Step-by-step explanation:

Answer 2

The linear programming problem is - $Z_{minimize}$=100x+20y, Constrains are- $220x+100y\geq 60$. $630x+760y\geq 1500$ and x,y$\geq 0$.

Given,

There are some dietary requirements of the staple food of the adolescent students of some schools.

To Find,

(1) 2 food items including one pulse and one cereal.

(2)The minimum cost of one pulse and one cereal.

(3) The formulated version of the corresponding linear programming problem.

(4)The problem graph,

Solution,

We can solve this mathematical linear programming problem using the method.

At first let's assume that the 2 food items be, Wheat and arhar dal or pigeon peas.

The rate of Wheat is Rs. 20 per kg and the rate of Arhar dal is Rs. 100 per kg.

So, we need to minimize the 100x+20y.

We know protein in arhar dal is 220gm / kg and in wheat 100gm/kg.

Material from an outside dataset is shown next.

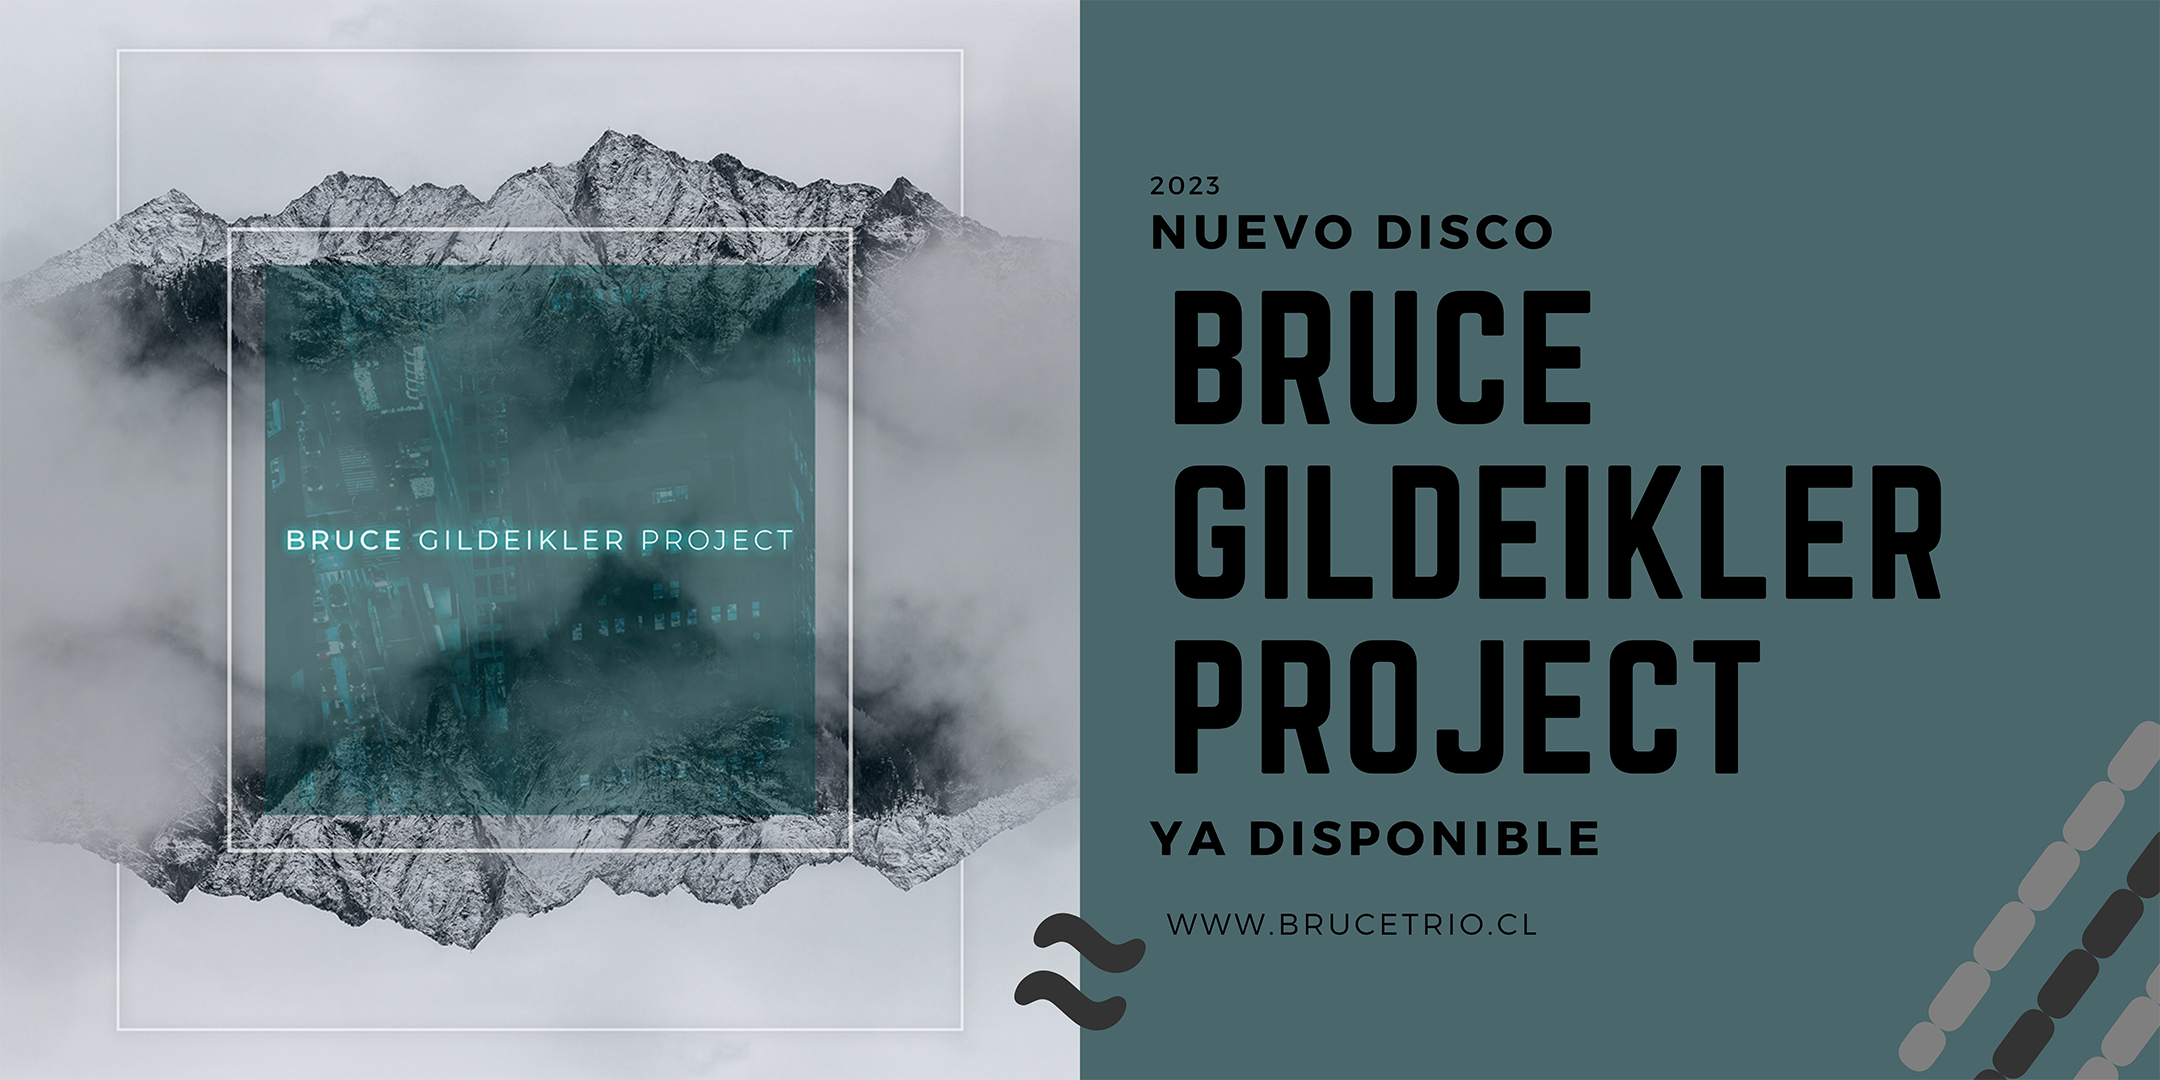 Nuevo-disco-banner-2

Carbohydrate in arhar dal is 630gm / kg and in wheat 760gm/kg.

Suppose the dietary requirements of adolescent students are as below,

• The requirement for protein is 60gm
• Carbohydrate is 1500gm.

So we can formulate our corresponding linear programming problem as follows,

$Z_{minimize}$=100x+20y

Constrains are-

$220x+100y\geq 60$

$630x+760y\geq 1500$ and x,y$\geq 0$.

Hence, the answers are as follows- The two food items including one pulse and one cereal are Wheat and Arhar dal/ pigeon peas. The arhar dal is Rs.100/kg and wheat is Rs. 20/kg. The linear programming problem is - $Z_{minimize}$=100x+20y, Constrains are- $220x+100y\geq 60$. $630x+760y\geq 1500$ and x,y$\geq 0$.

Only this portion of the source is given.